Data provided below:

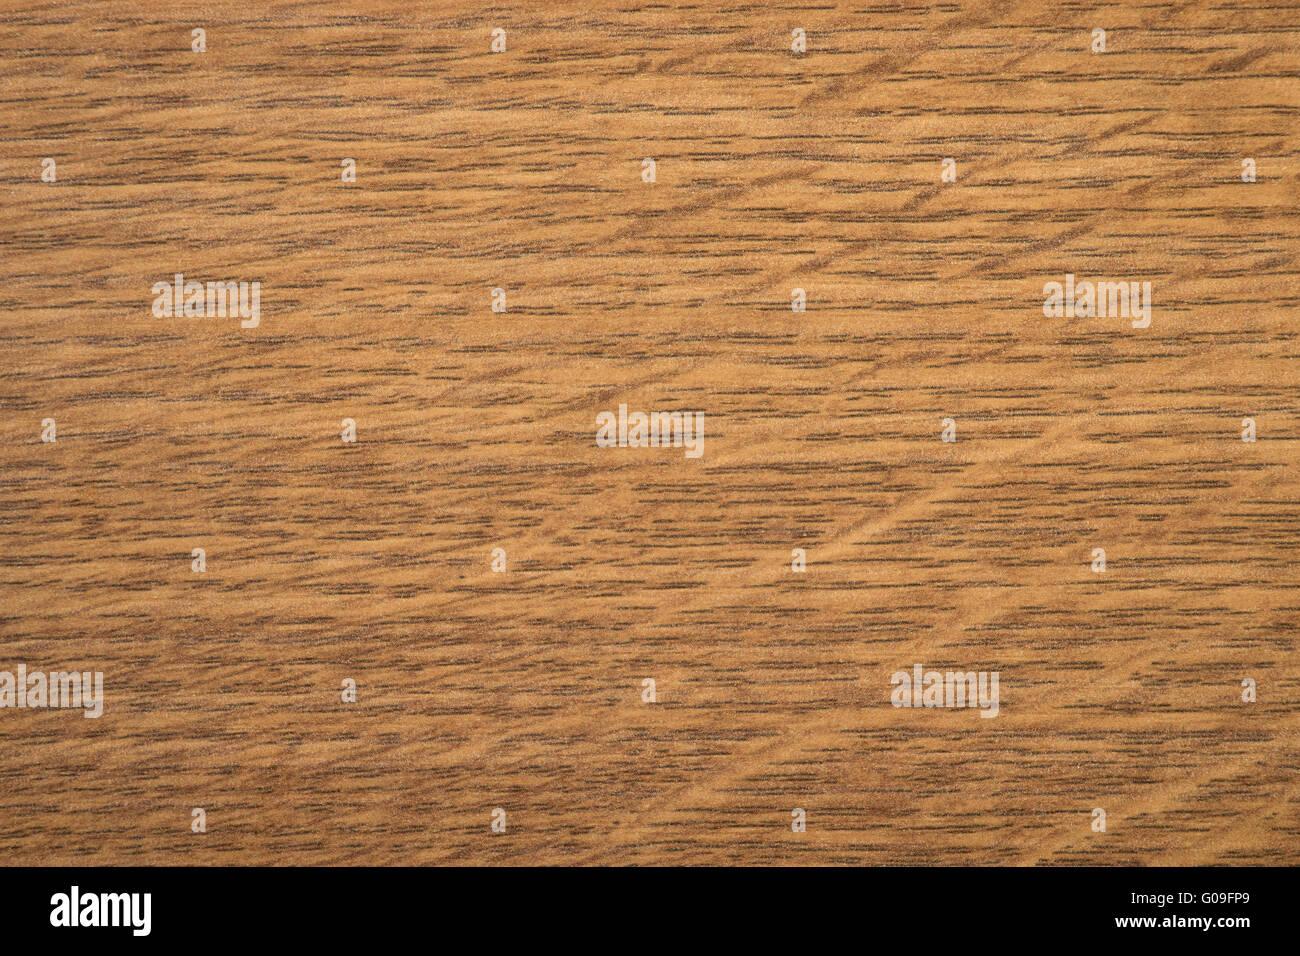 Rustical oak Wooden texture - Stock Image
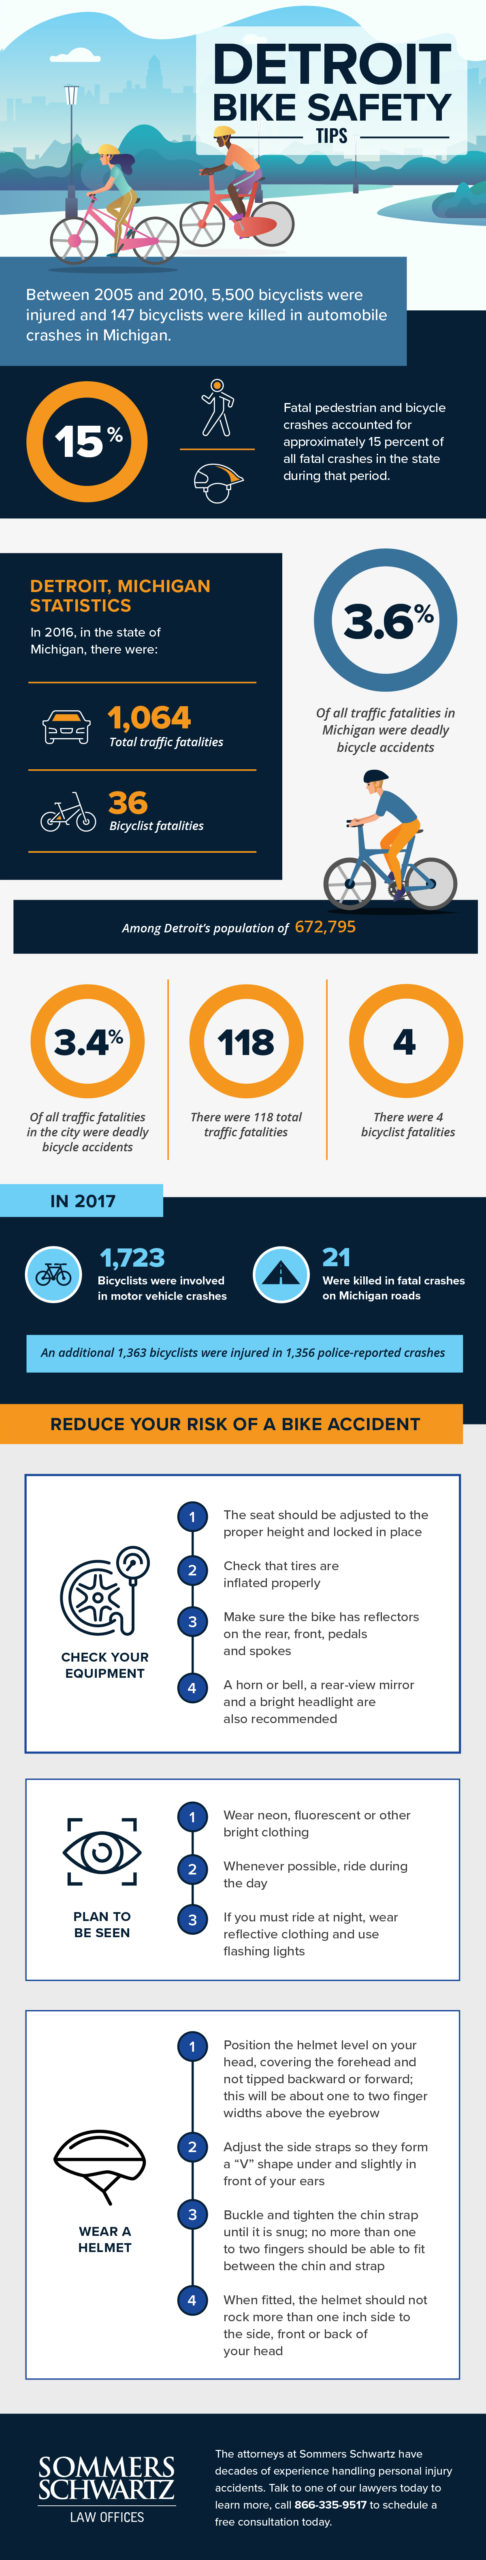 Detroit Bike Safety scaled
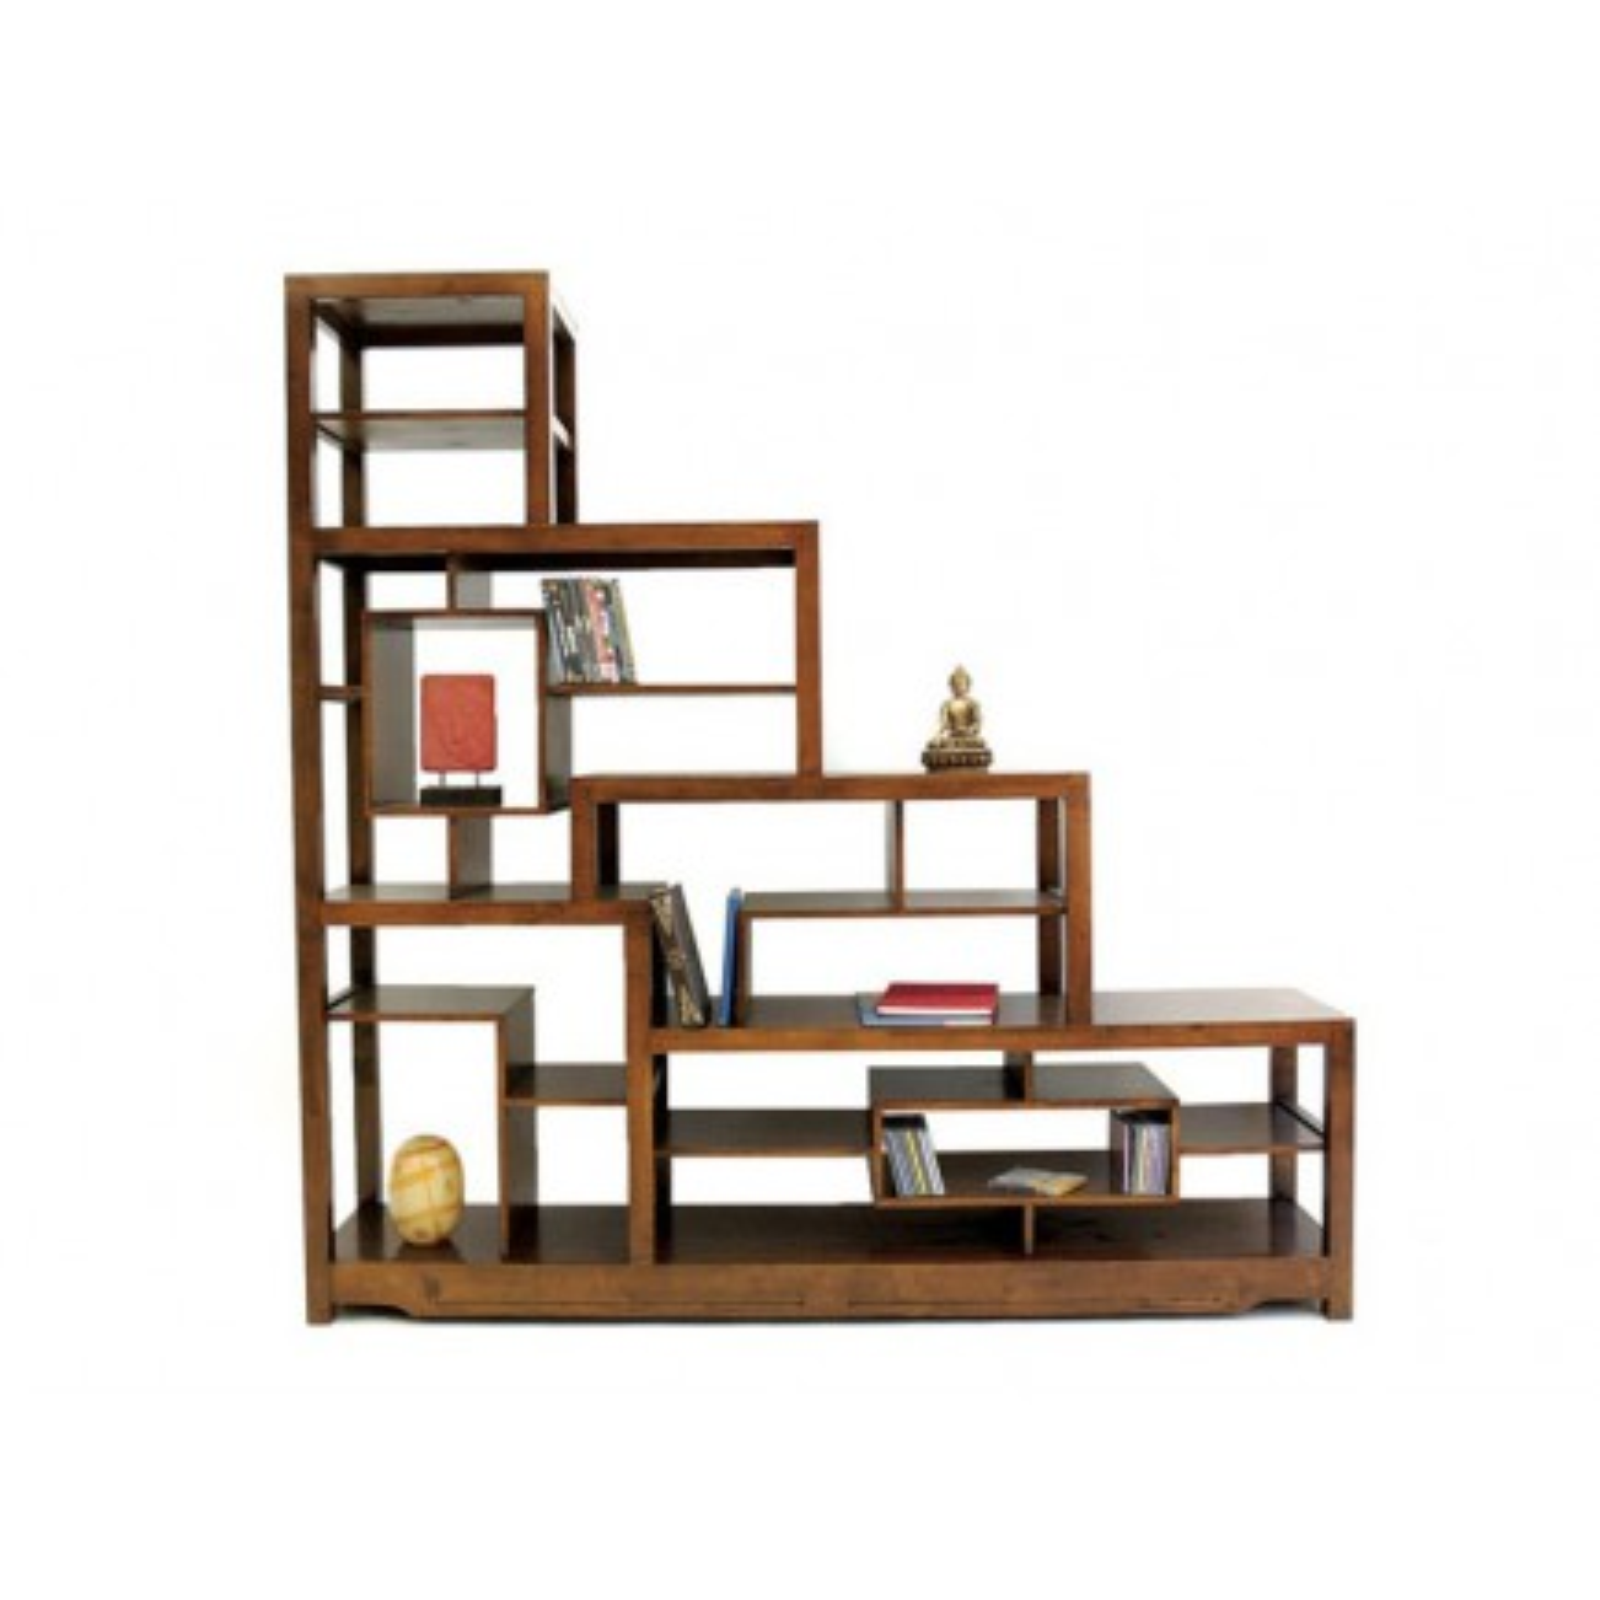 Escalier Déstructuré Omega Hévéa - meuble style design

End of Data provided.

Work to complete »
Restate the data word for word and exclude every picture.

Output for this task »
 Rustical oak Wooden texture - Stock Image
 Detroit Bike Safety scaled
 Escalier Déstructuré Omega Hévéa - meuble style design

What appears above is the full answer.